If you are working in I.T., chances are you hate repetitive work also. Luckily, a lot of I.T. work is devoted to cutting down on repetitive work. Because, after all, that's what computers are good at: give them the same problem several times, and they'll work on it the same way all those several times. Without complaining, mostly. Even if they have to do it repetitively a million-billion times and then a million-billion times again.
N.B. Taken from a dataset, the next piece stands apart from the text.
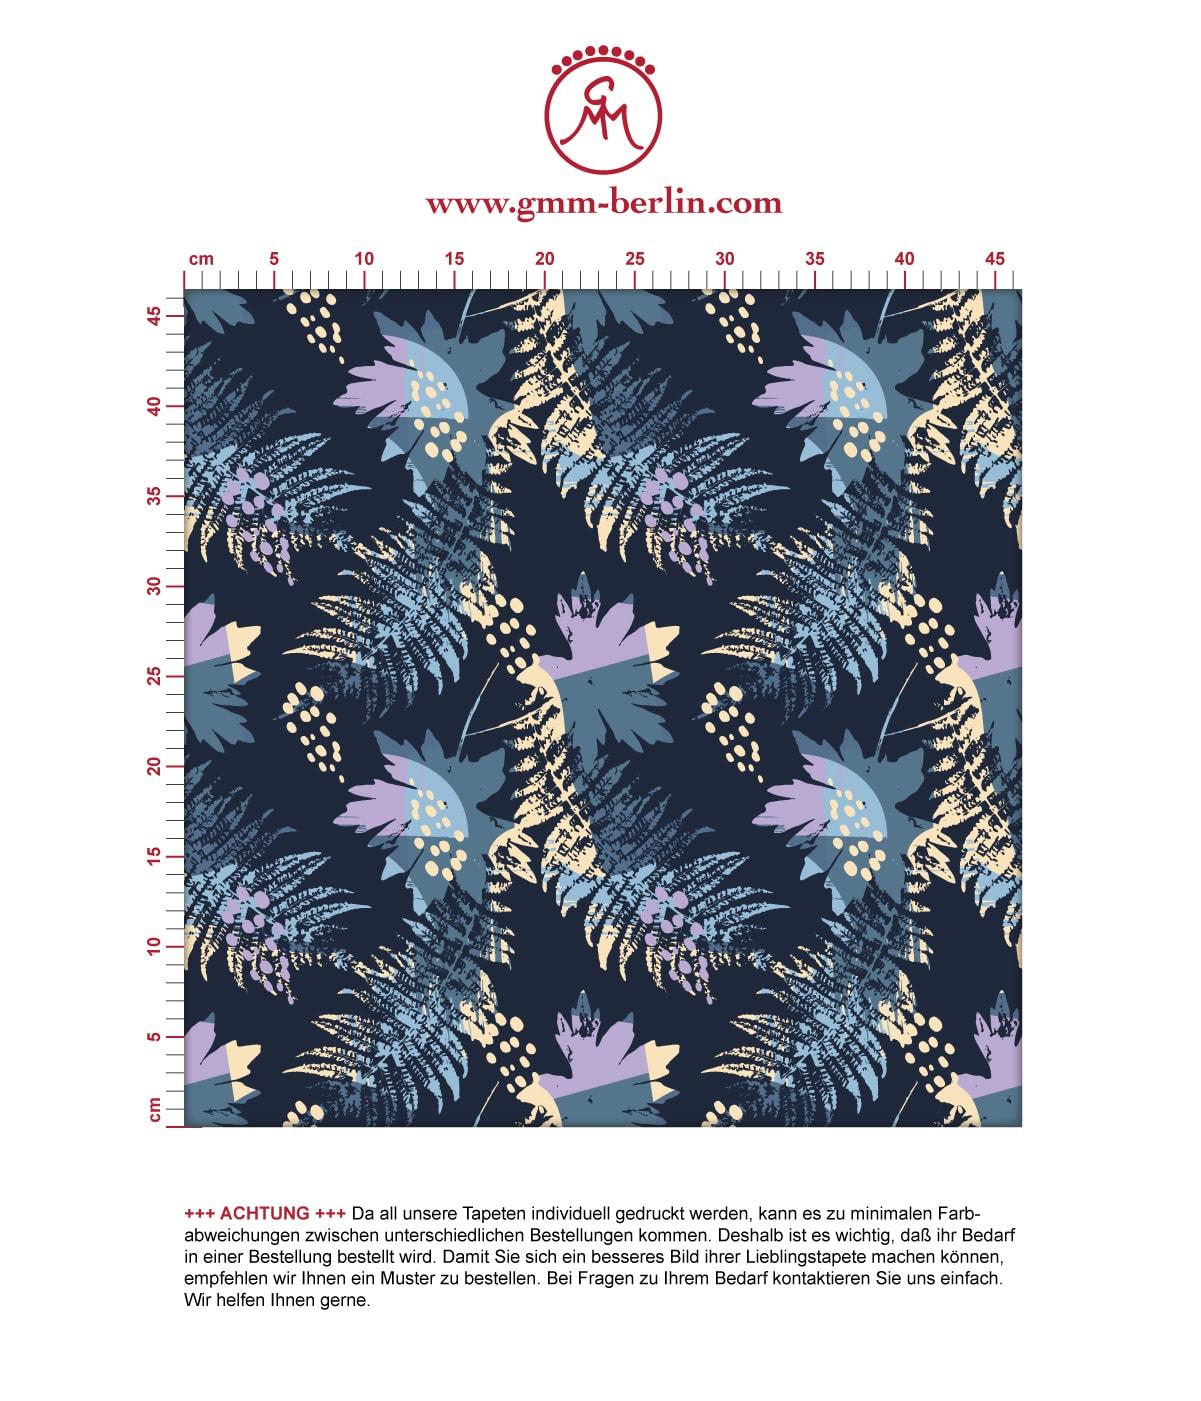 Dunkelblaue Blumentapete Wildflowers im Retro Look, florale Tapete als Wandgestaltung. Aus dem GMM-BERLIN.com Sortiment: Schöne Tapeten in der Farbe: dunkel blau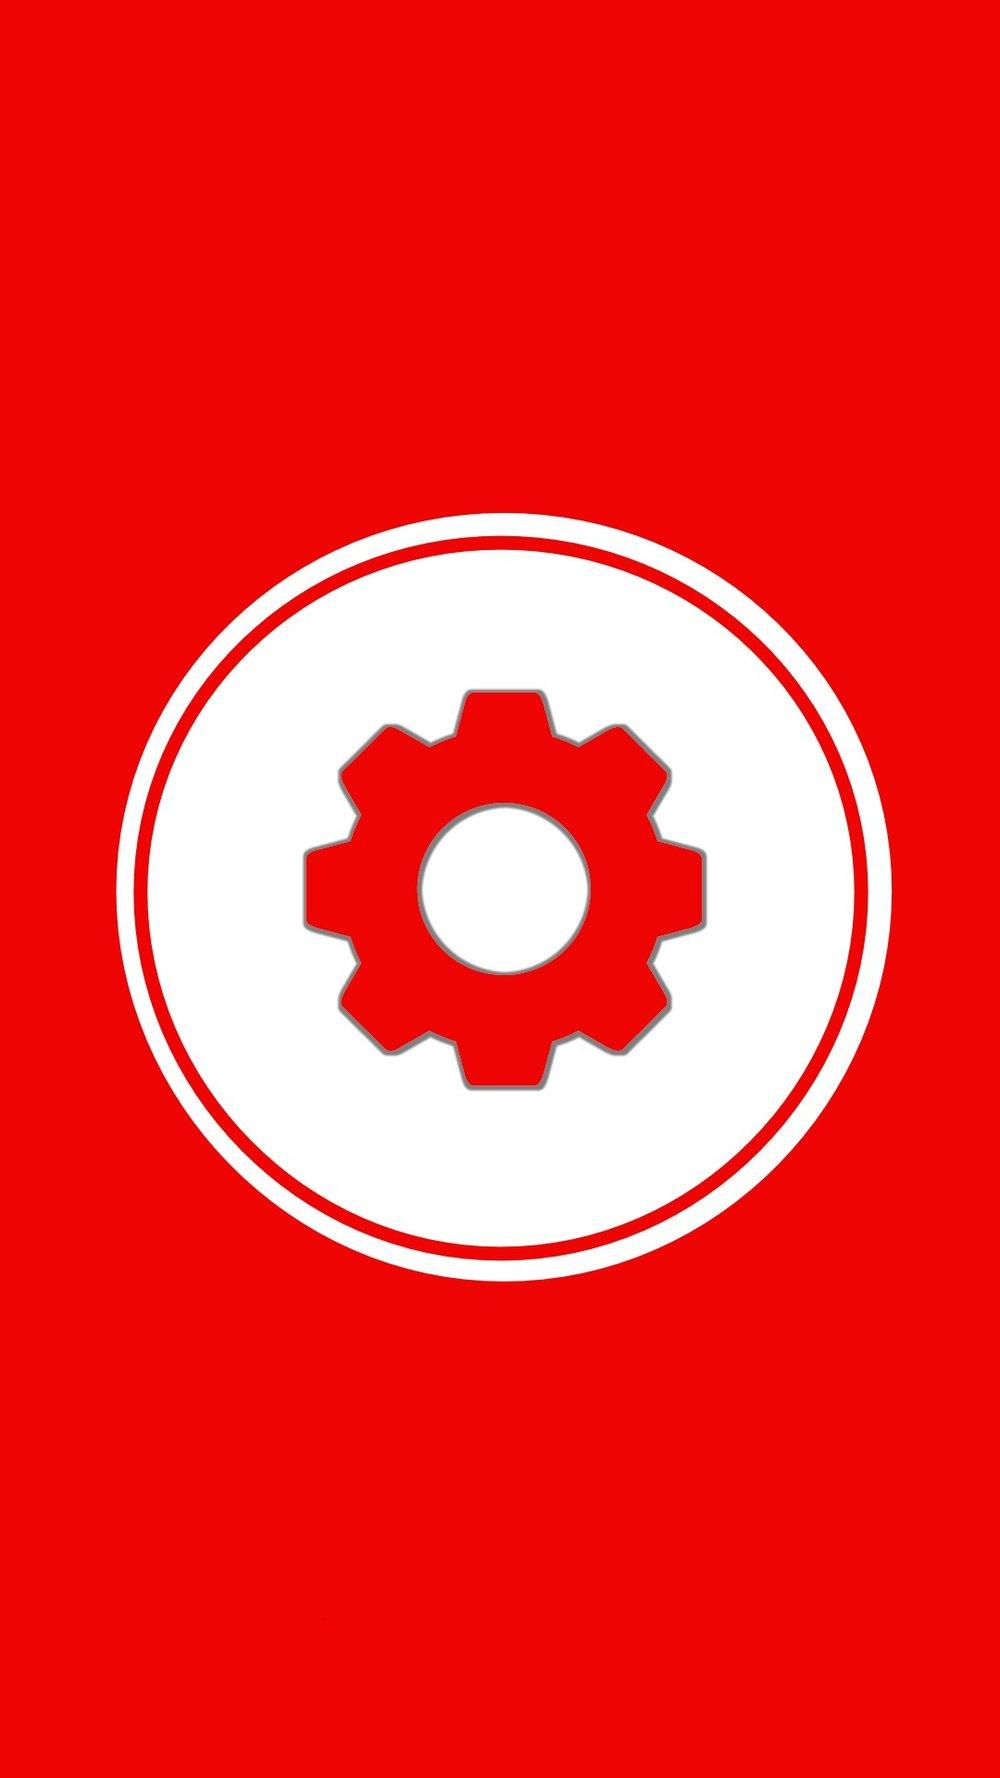 Instagram-cover-tool-red-lotnotes.com.jpg

Besides any potential personal aversion against repetitive work one might have there is another reason humans shouldn't be doing repetitive work if a computer can do it: the chance of making a mistake grows the more often you do a repetitive thing. And you might end up with a different end-result some of the time. Computers either do it always wrong, or if we're lucky, always right. Provided, of course, somebody wrote tests for all possible and impossible edge cases. Which, naturally, we all do, every time.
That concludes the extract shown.